Using a storage PipelineResource as a cache between tasks in a PipelineRun has some other nuisances:
a. Unlike the artifact bucket, it only supports absolute paths, so it requires some magic in the tasks to make sure concurrent runs of the same pipeline don't clobber/mix up files.
b. It doesn't clean up interim files between runs. The tasks would have to implement the same PipelineRun/Task file structure for input and outputs that the artifact bucket already does.
Params can be plugged into multiple Task attributes, not just accessed after the actual container runtime environment has begun. That can't be done easily/at all if the value needed is in a bucket blob.

kbruner on 4 Sep 2019

👍3 ❤1

All 15 comments

In principle I agree that this could be useful but I can't think of concrete examples - could you describe a bit more the use case you have for this? What's the problem that you're trying to solve & in what way is it not served by, for example, PipelineResources?

sbwsg on 4 Sep 2019

The only PipelineResource type that's really suitable for this use case would be a bucket. However, I have issues with how using a bucket for caching data between steps actually works.
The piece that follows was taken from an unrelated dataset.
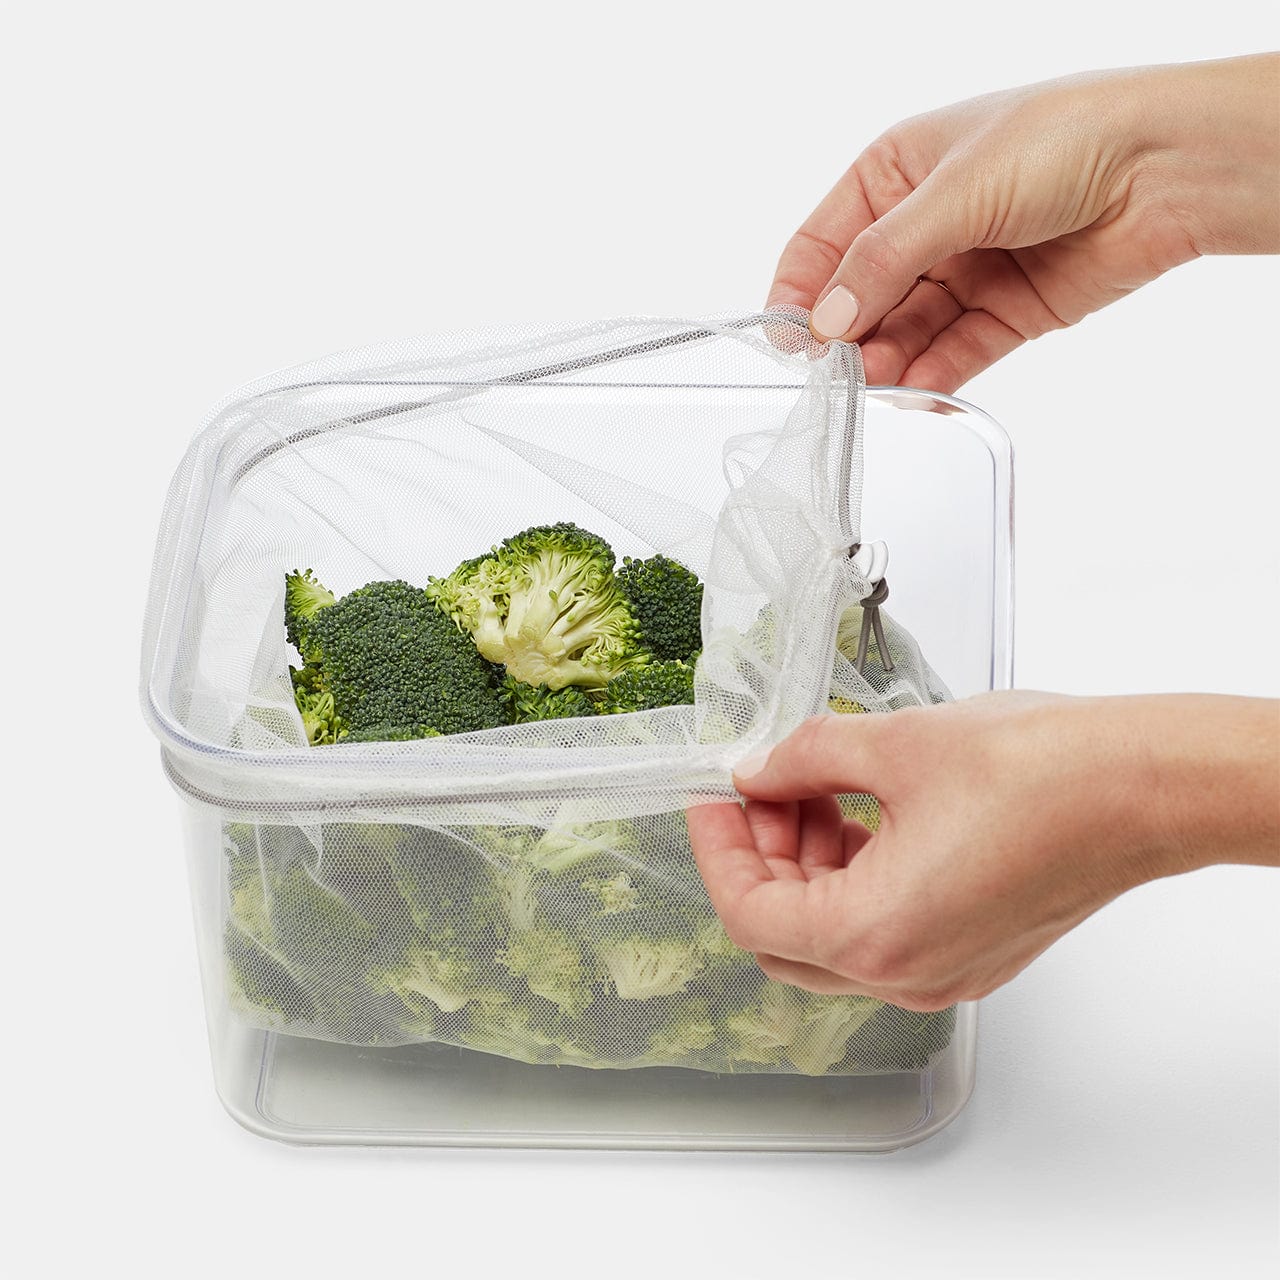 Chef'n Produce Storage Container - Avocado

Even though I have defined an artifact bucket for the pipelines controller to use, work outputs don't get pushed to it unless I also create a storage PipelineResource. That makes no sense to me. If /workingdir/output could reliably (or at least as a configuration option) by saved to the artifact bucket and then pulled into to /workingdir for the next task, yes, that would solve 99% of use cases.
Using a storage PipelineResource as a cache between tasks in a PipelineRun has some other nuisances:
a. Unlike the artifact bucket, it only supports absolute paths, so it requires some magic in the tasks to make sure concurrent runs of the same pipeline don't clobber/mix up files.
b. It doesn't clean up interim files between runs. The tasks would have to implement the same PipelineRun/Task file structure for input and outputs that the artifact bucket already does.
Params can be plugged into multiple Task attributes, not just accessed after the actual container runtime environment has begun. That can't be done easily/at all if the value needed is in a bucket blob.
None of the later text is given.